Therefore, RavenPack COVID sentiment is a new indicator to measure the GCC investor sentiment from December 2, 2019, to December 21, 2022. We obtain data for RavenPack COVID sentiment from the RavenPack database [2].

4.2 Preliminary analysis

Table 1 presents the descriptive statistics of conventional and Islamic returns for the six financial markets (Panel A and Panel B, respectively) and the six cryptocurrencies (Panel C). In fact, for all periods studied, a closer look at this table shows a positive average for most conventional and Islamic stock returns, except Bahrain and Oman. All conventional and Islamic monthly return series show excess kurtosis. Moreover, for both skewness and kurtosis measures, the results of the Jarque–Bera normality test reject the null hypothesis of normal distribution. However, during the COVID-19 shock period, RavenPack's COVID sentiment showed negative average returns. We also notice that the conventional cryptocurrency (Bitcoin) has the lowest risk. However, Islamic cryptocurrencies (Halachain, HelloGold and X8X_Token) register the highest risk with standard deviations of 0.247641, 0.277908, and 0.245447, respectively. According to the skewness and kurtosis indicators, as well as the Jarque–Bera test, all series significantly deviate from the normal distribution.
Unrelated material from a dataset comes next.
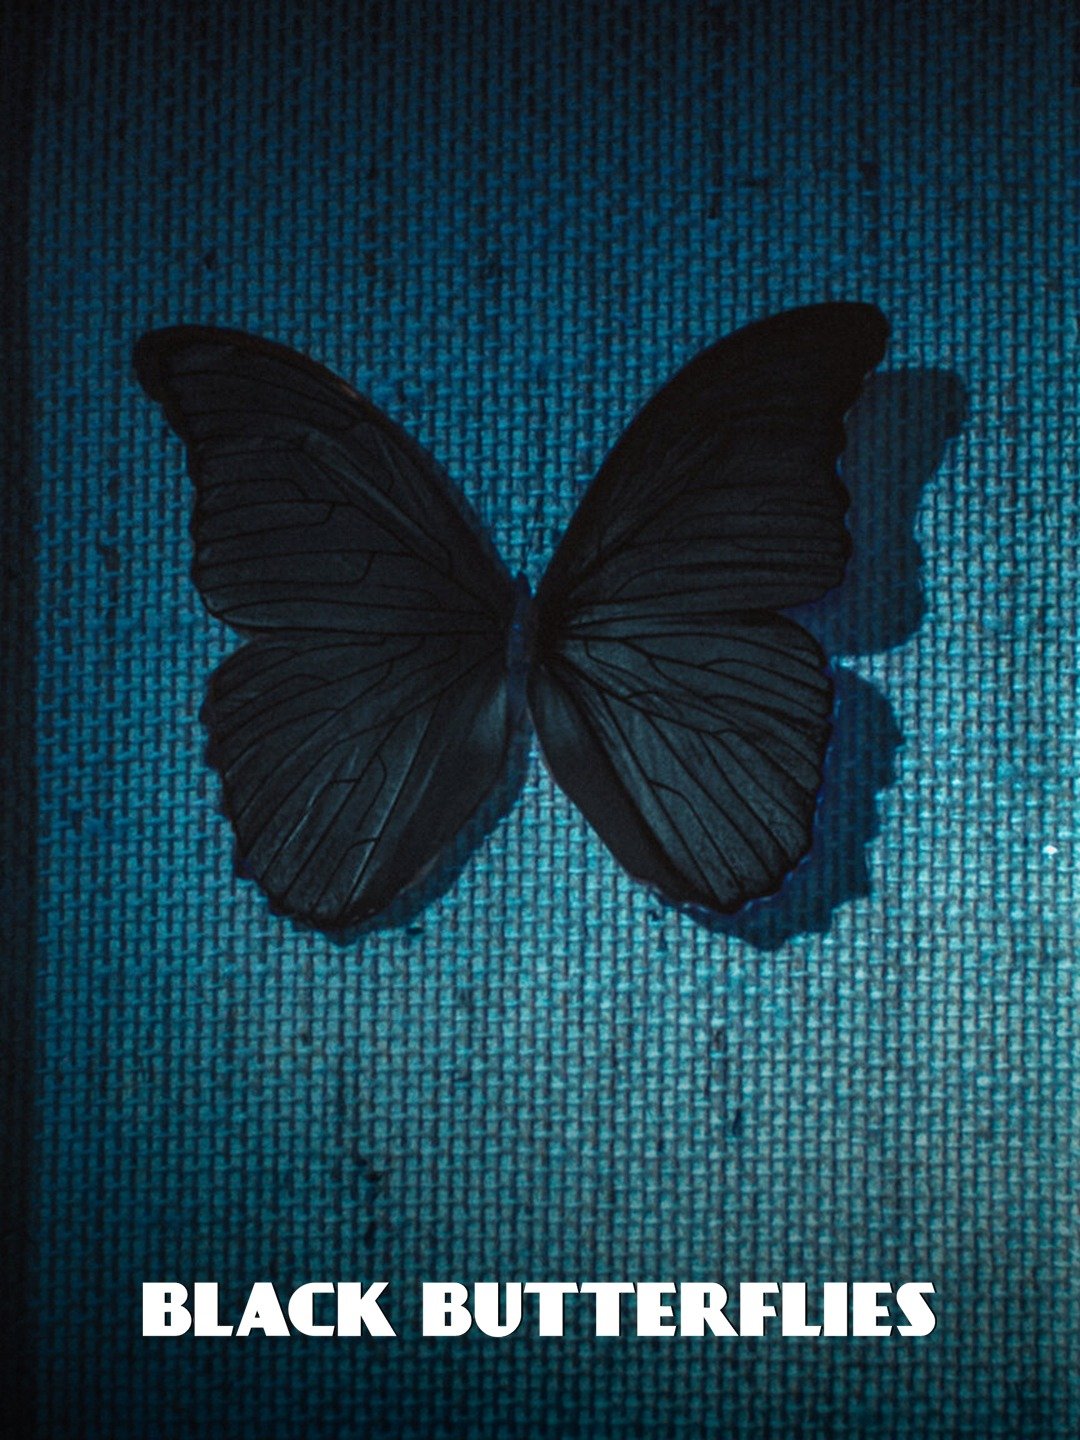 Ebony Butterfly Porn Star - Black Butterflies - Rotten Tomatoes

Figures 1 and 2 illustrate the evolution of the GCC stock market and cryptocurrency returns from January 1, 2018, to December 21, 2022. After extreme volatility starting in December 2019, the GCC stock market index declined significantly. Indeed, since the global spread of COVID-19, panic has prevailed in the financial markets. As a result, several markets around the world continued to fall. Moreover, according to Figure 2, cryptocurrency returns show high fluctuations. In fact, the impact of COVID-19 is observed in all cryptocurrency markets. The time variations in stock returns display stylized fact tails and volatility clustering for all return series. This stressful period increased investor pessimism and fears and generated negative emotions. As a result, it drove investors to sell their shares and exit the stock market. Interestingly, this behavior further amplified the deterioration of the GCC financial market.

5. Empirical results and discussion

5.1 The spillover structure between the RavenPack COVID sentiment and financial market index returns

In this section, we refer to the spillover index approach developed by Diebold and Yilmaz (2012) to explore the co-movement between the RavenPack COVID sentiment and conventional and Islamic stock indices, as well as cryptocurrencies. In fact, Table 2 displays the total volatility spillovers calculated for the health crisis period. For each country, the ij th entry represents the estimated contribution to the forecast error variance of index i from innovations in index j. For example, we learn from Bahrain that innovations to the RavenPack COVID sentiment are responsible for 1.1%, 0.5%, 0.2% and 1.8% of the variance in the forecast error of conventional and Islamic index returns, Bitcoin and X8X-token, respectively. However, innovations inconventional and Islamic index returns, Bitcoin and X8X-token are responsible for 0.4%, 0.1%, 0.2% and 0.2% of the variance in the forecast error of RavenPack COVID sentiment, respectively.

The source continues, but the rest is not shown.